• Given data:
- - - - - - -

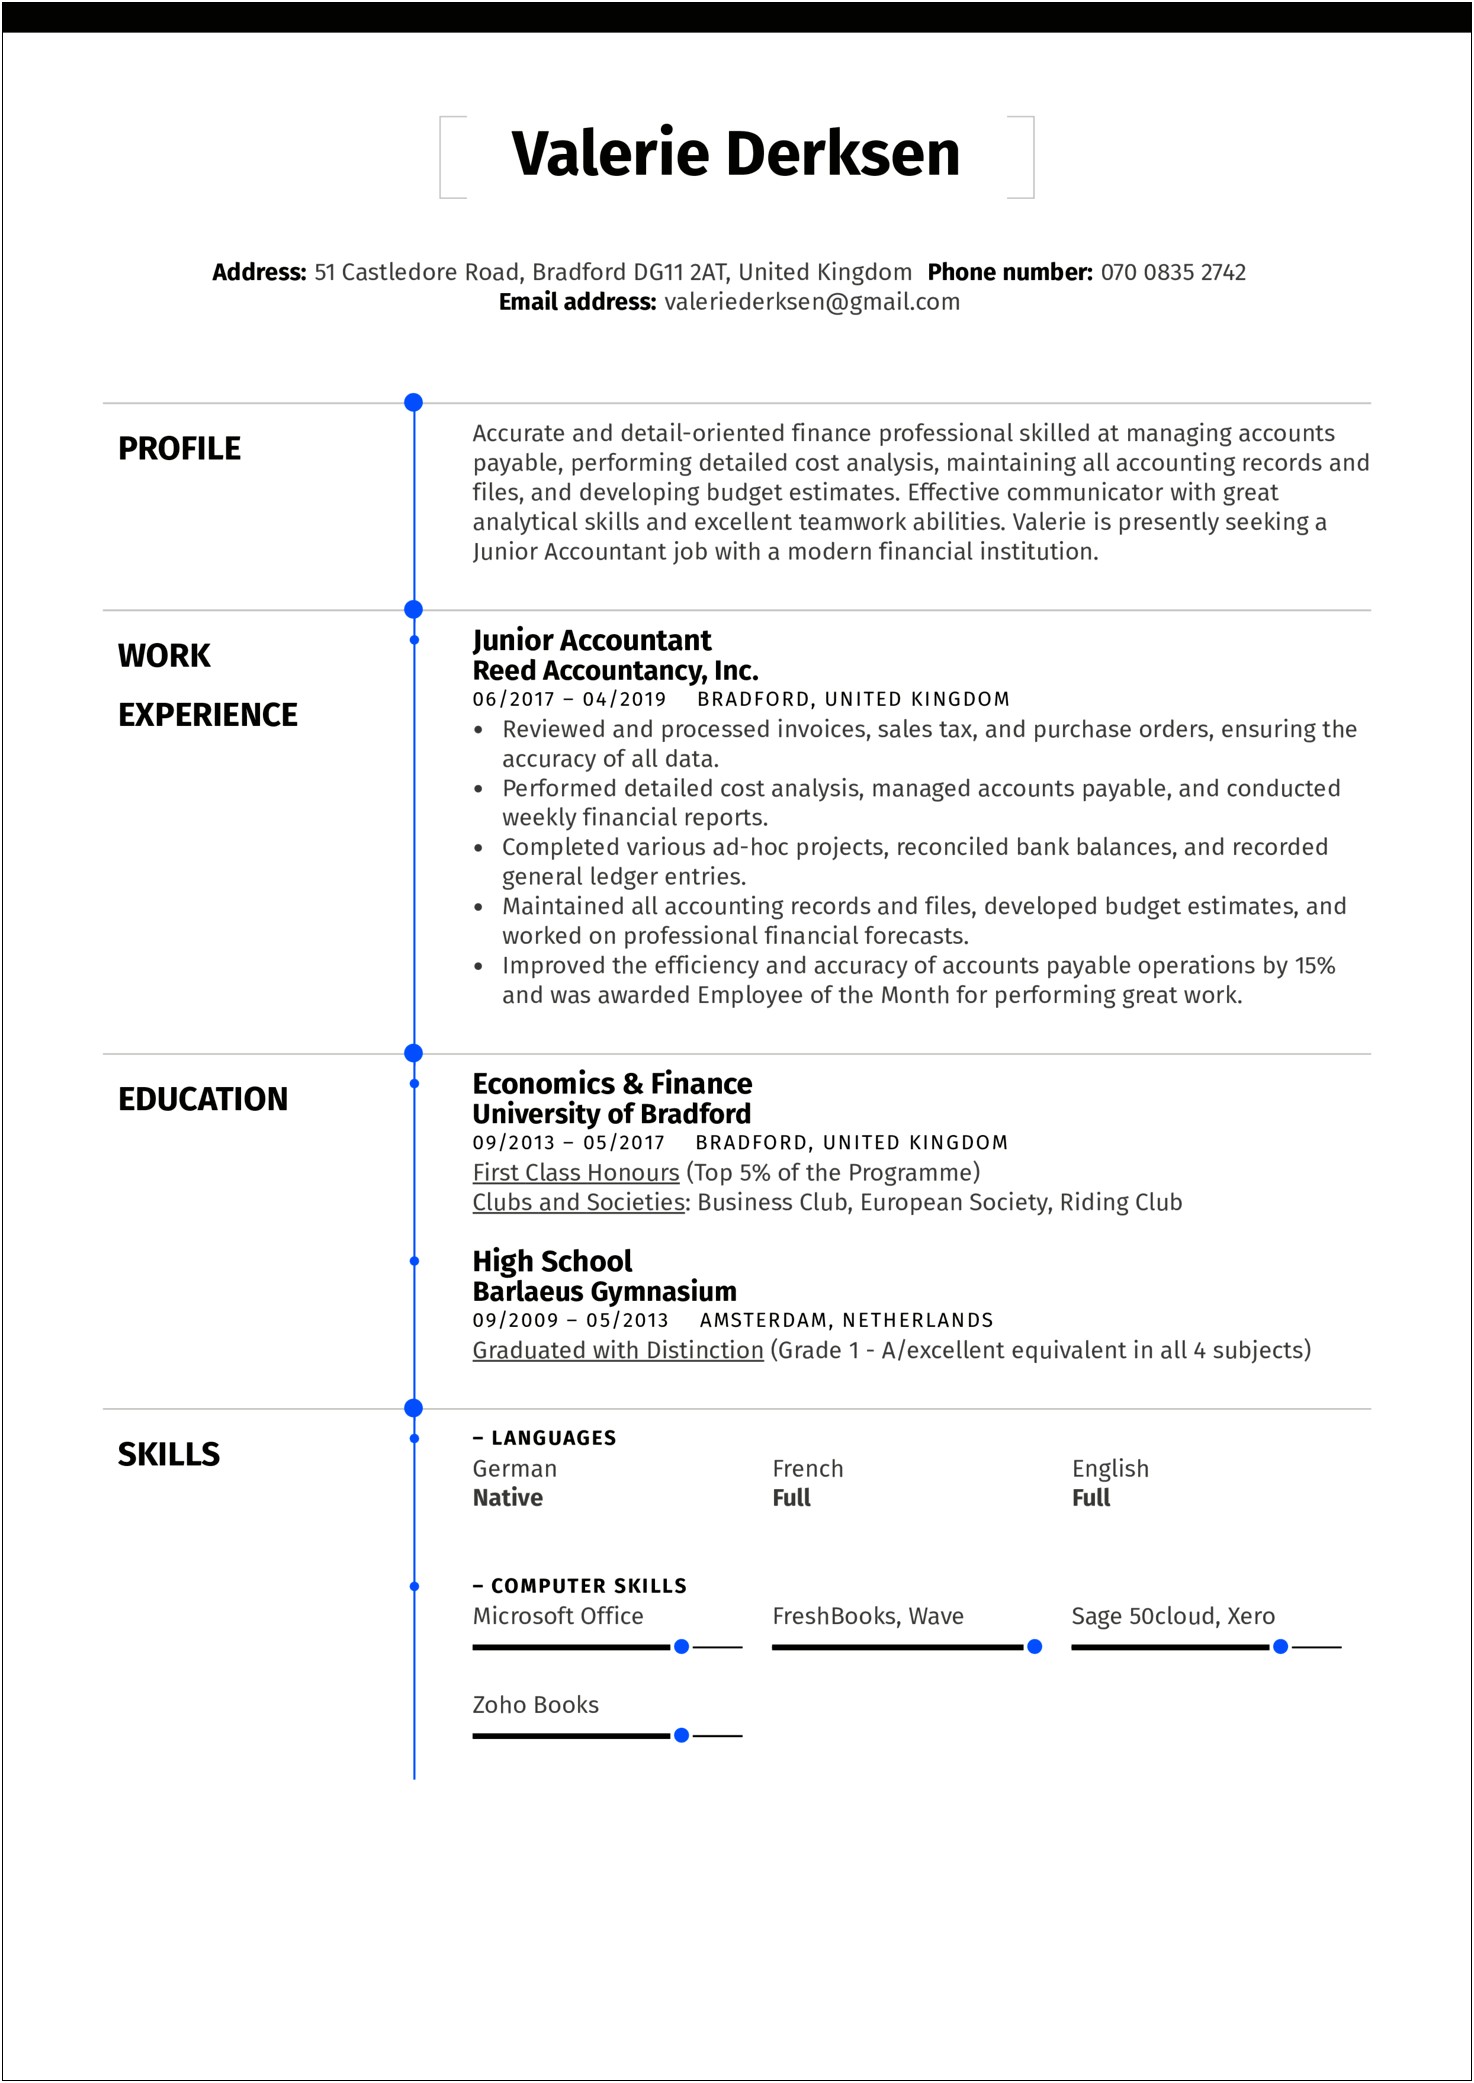 Resume Objective Sample For Accountant
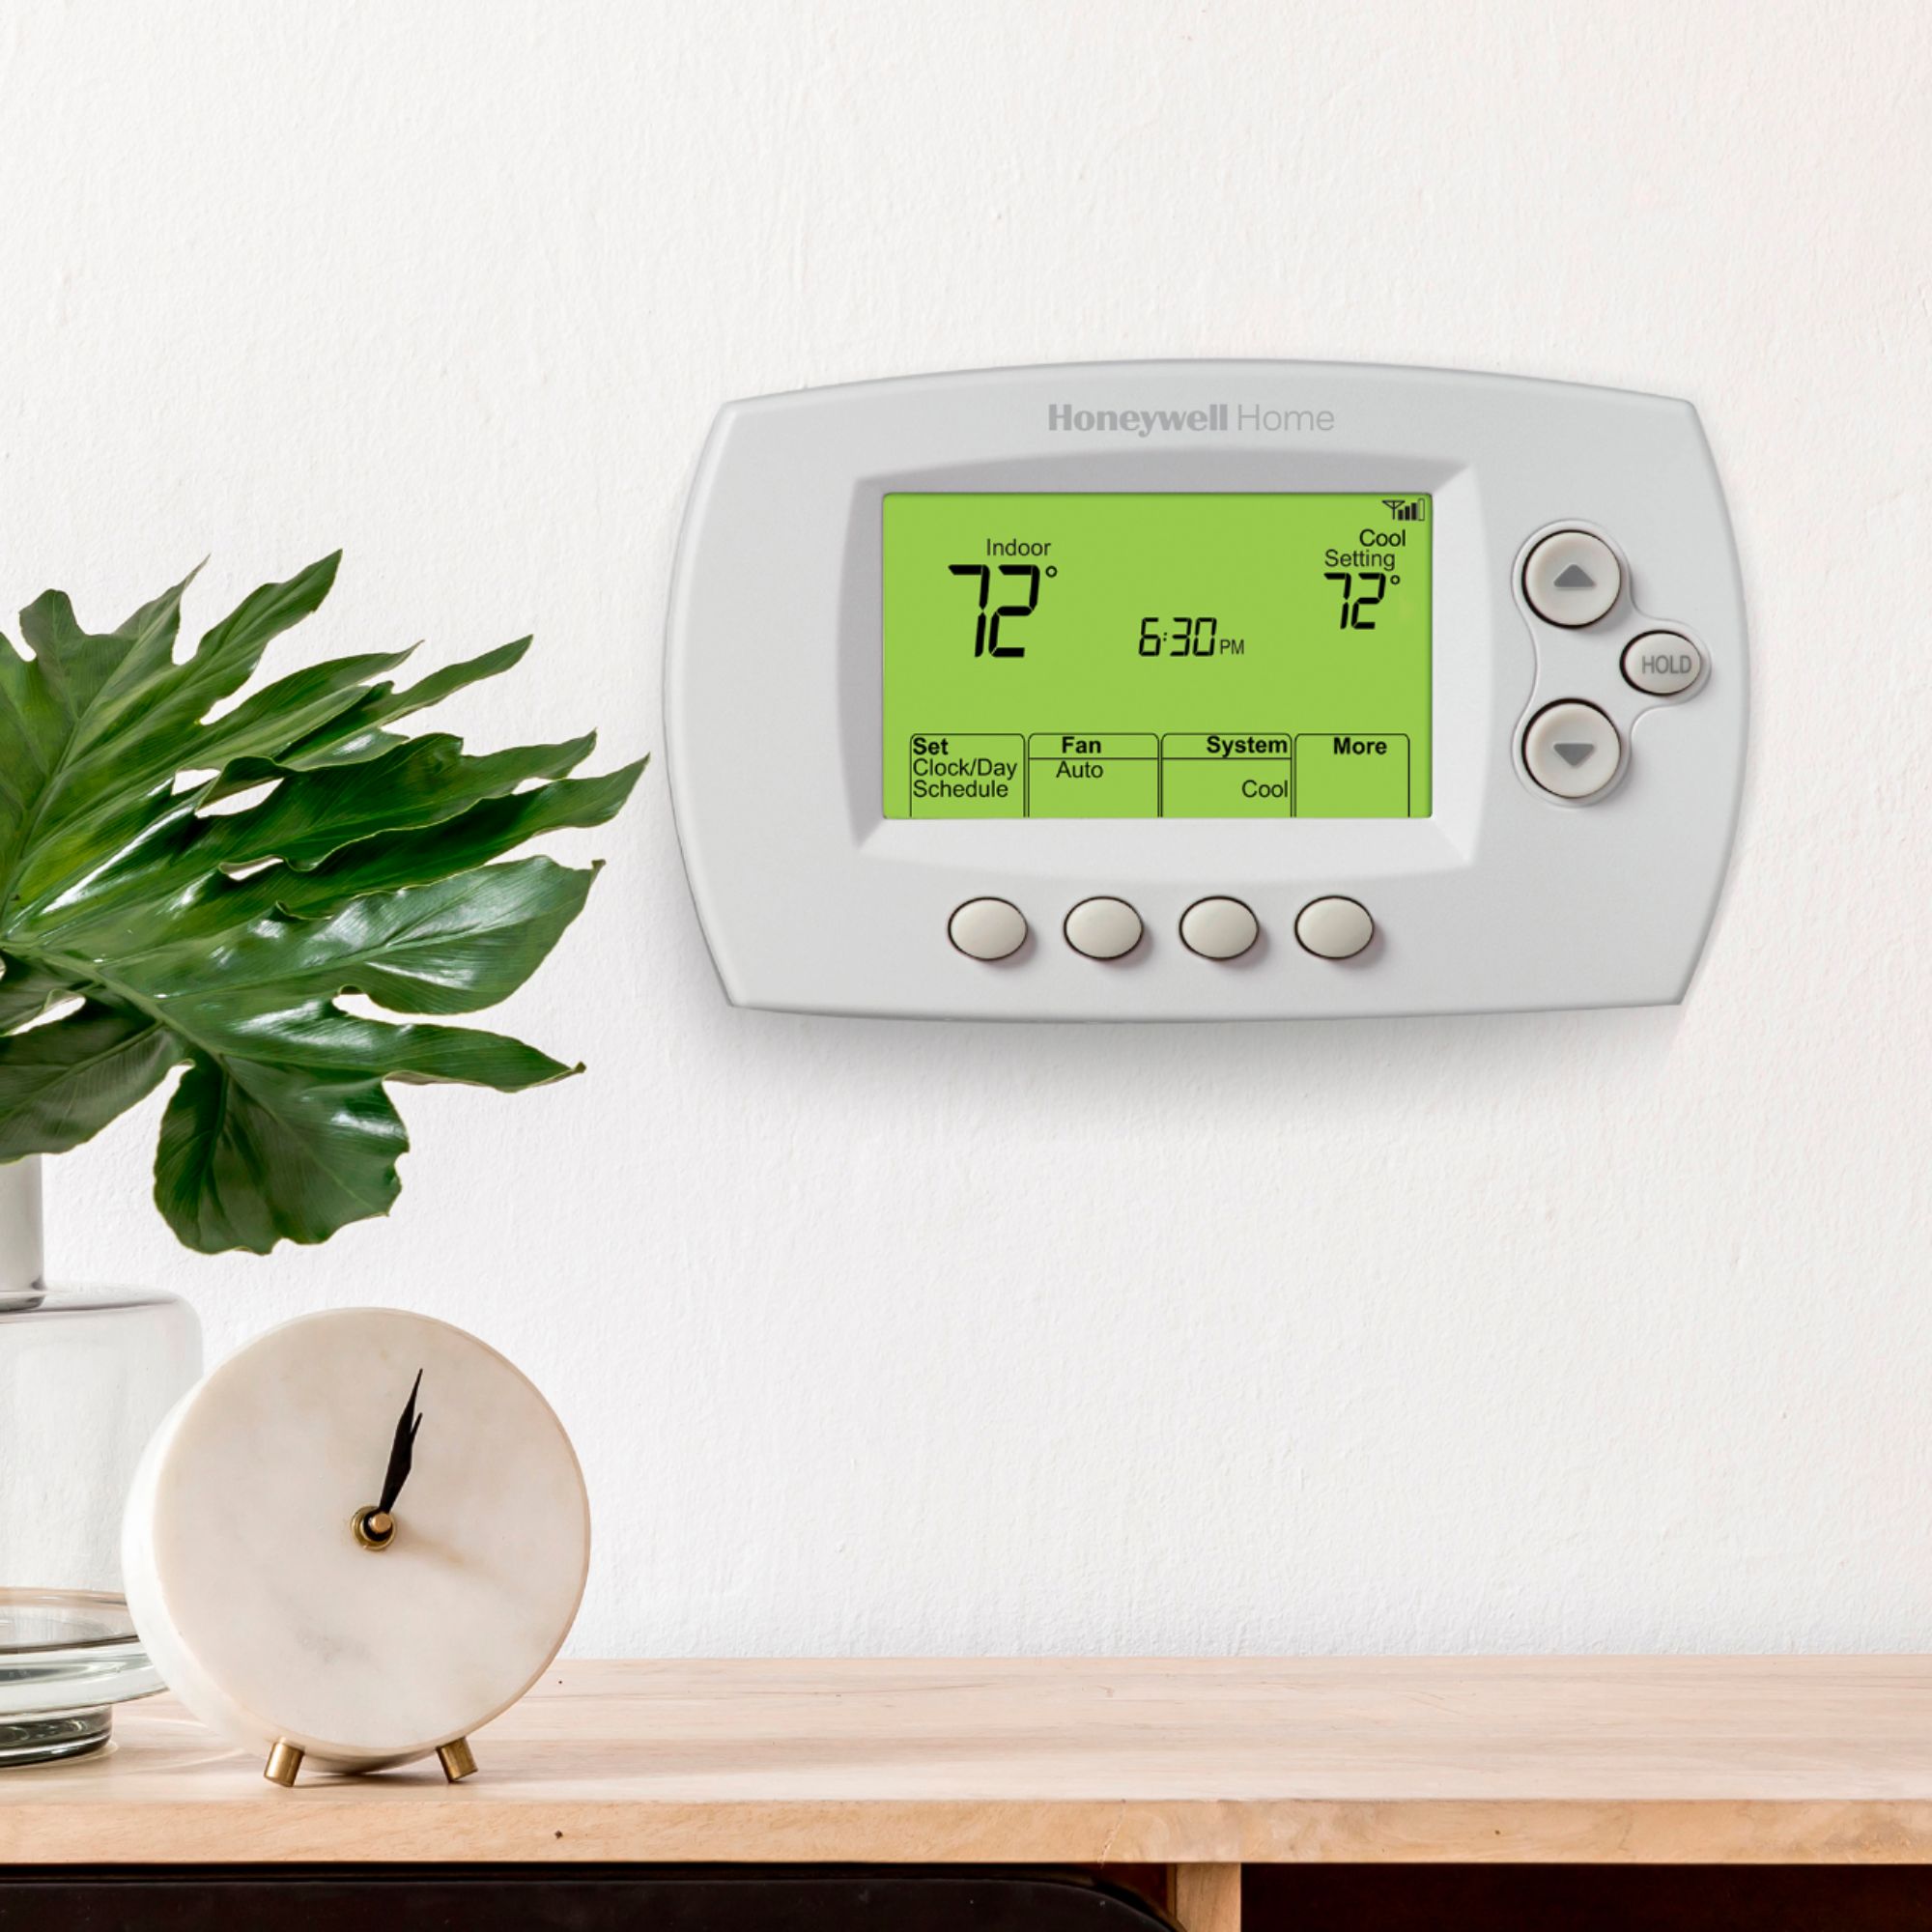 Honeywell Home 7-Day Programmable Thermostat with Wi-Fi Capability
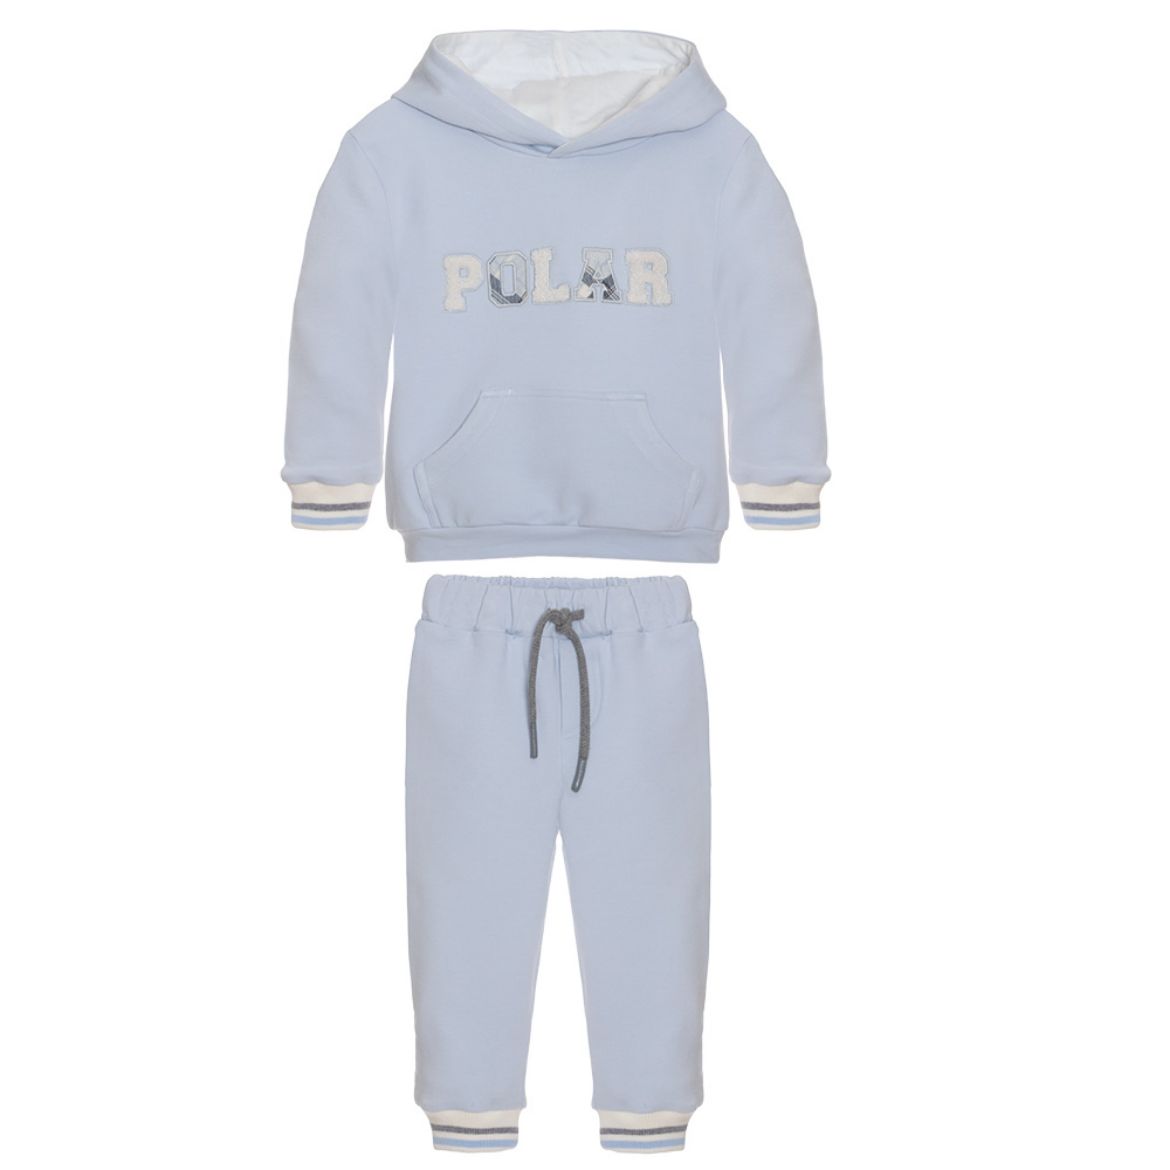 Picture of Patachou Boys Blue Hooded 'Polar' Tracksuit

- - - - - - -

• Work item:
Omit the pictures and print the listing exactly.

• Result:
 Resume Objective Sample For Accountant
 Honeywell Home 7-Day Programmable Thermostat with Wi-Fi Capability
 Picture of Patachou Boys Blue Hooded 'Polar' Tracksuit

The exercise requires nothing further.